Выбрать главу

— Вот и кафе, — сказал юноша, подводя Тони к столику под широким полосатым тентом. — Что вы будете пить? Кофе со сливками? Я тоже. Человек, две чашки кофе со сливками! Послушайте, я лучше объяснюсь. Я увидел вас вчера в Лувре и решил, что вы англичанин. Мне понравились ваше лицо и ваша манера по-настоящему смотреть на картины, вместо того чтобы озираться кругом с бедекером в руках, и я решил заговорить с вами. Я писатель.

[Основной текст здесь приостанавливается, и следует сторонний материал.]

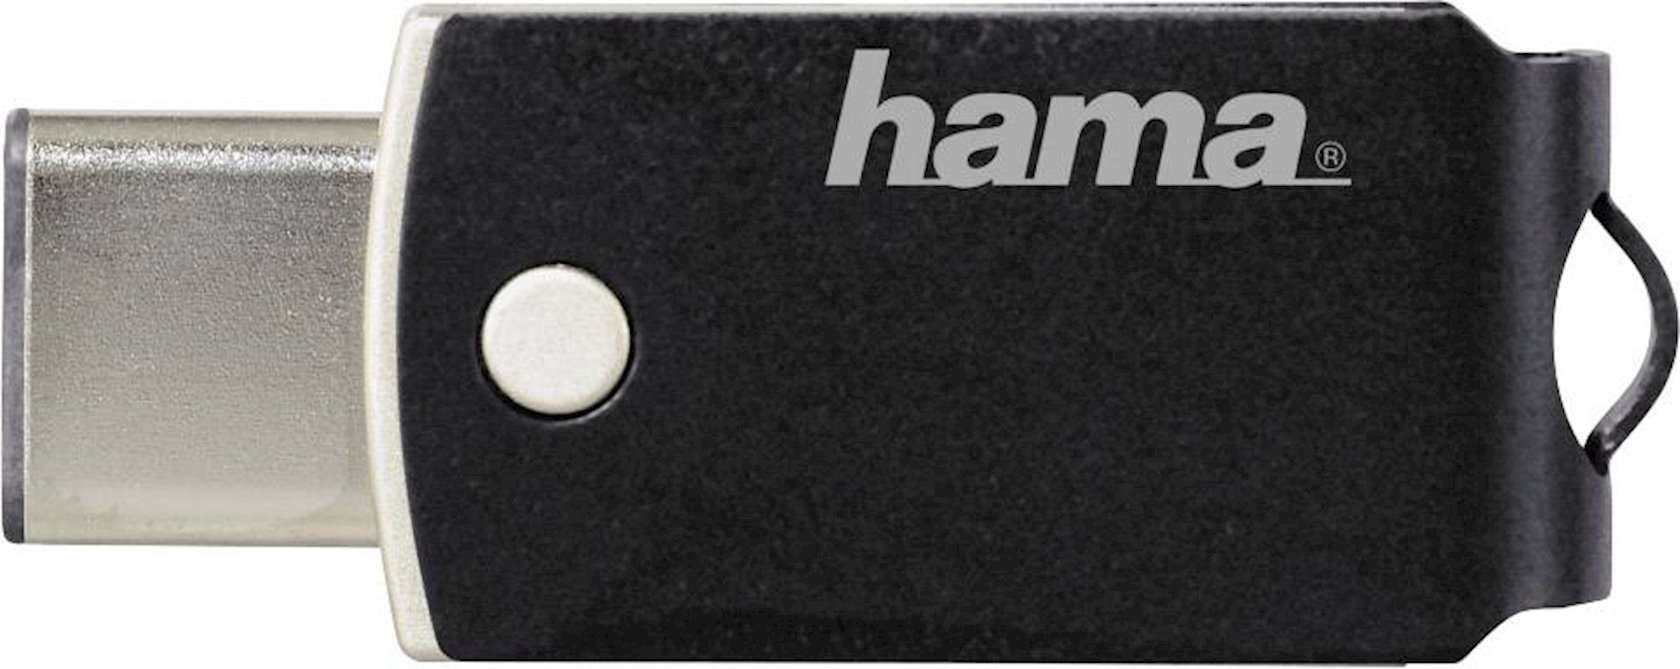 USB-Fleş kart Hama C - Turn 32 Gb Usb 3.1/3.0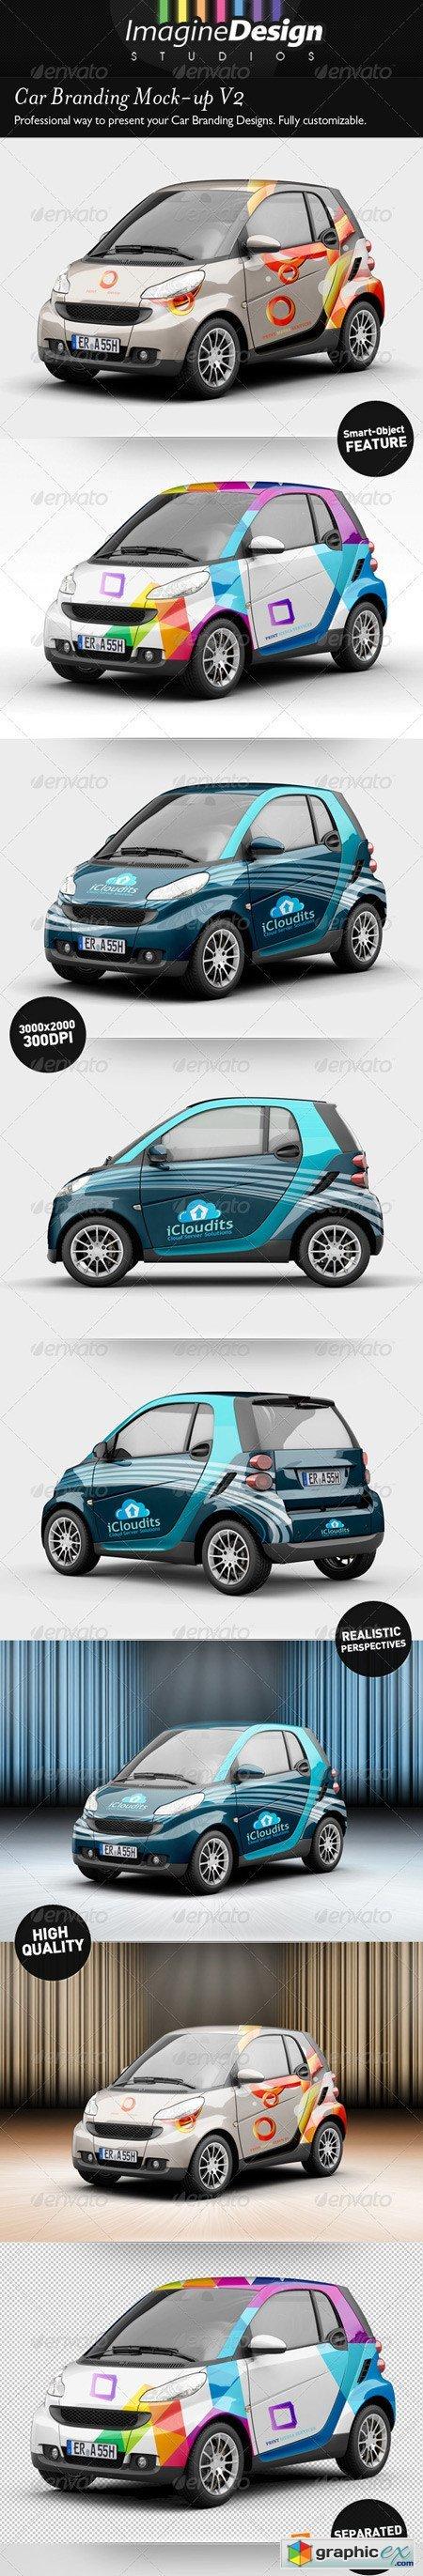 Car Branding Vector Car Branding Mock-up v2

К величайшему удивлению Тони, юноша расхохотался.

— Ну не смешно ли? — вымолвил он, все еще задыхаясь от смеха. — Я писатель, вот здорово!

— А почему бы вам и не быть им? — спросил Тони.

— Действительно, почему бы мне и не быть им? — насмешливо повторил Флетчер, а затем, ударяя себя в грудь и обращаясь к самому себе: — Ну перестань же, имей хоть чуточку благопристойной гордости! — Затем вдруг стал серьезным: — Мне двадцать четыре года, и я девять лет корпел в конторе, а на прошлой неделе бросил ее и прибыл из Тильбэри в Гавр на грузовом пароходе, а оттуда пришел пешком в Париж — и все это имея в кармане пятьдесят фунтов за свою первую книгу. Безрассудство, не правда ли?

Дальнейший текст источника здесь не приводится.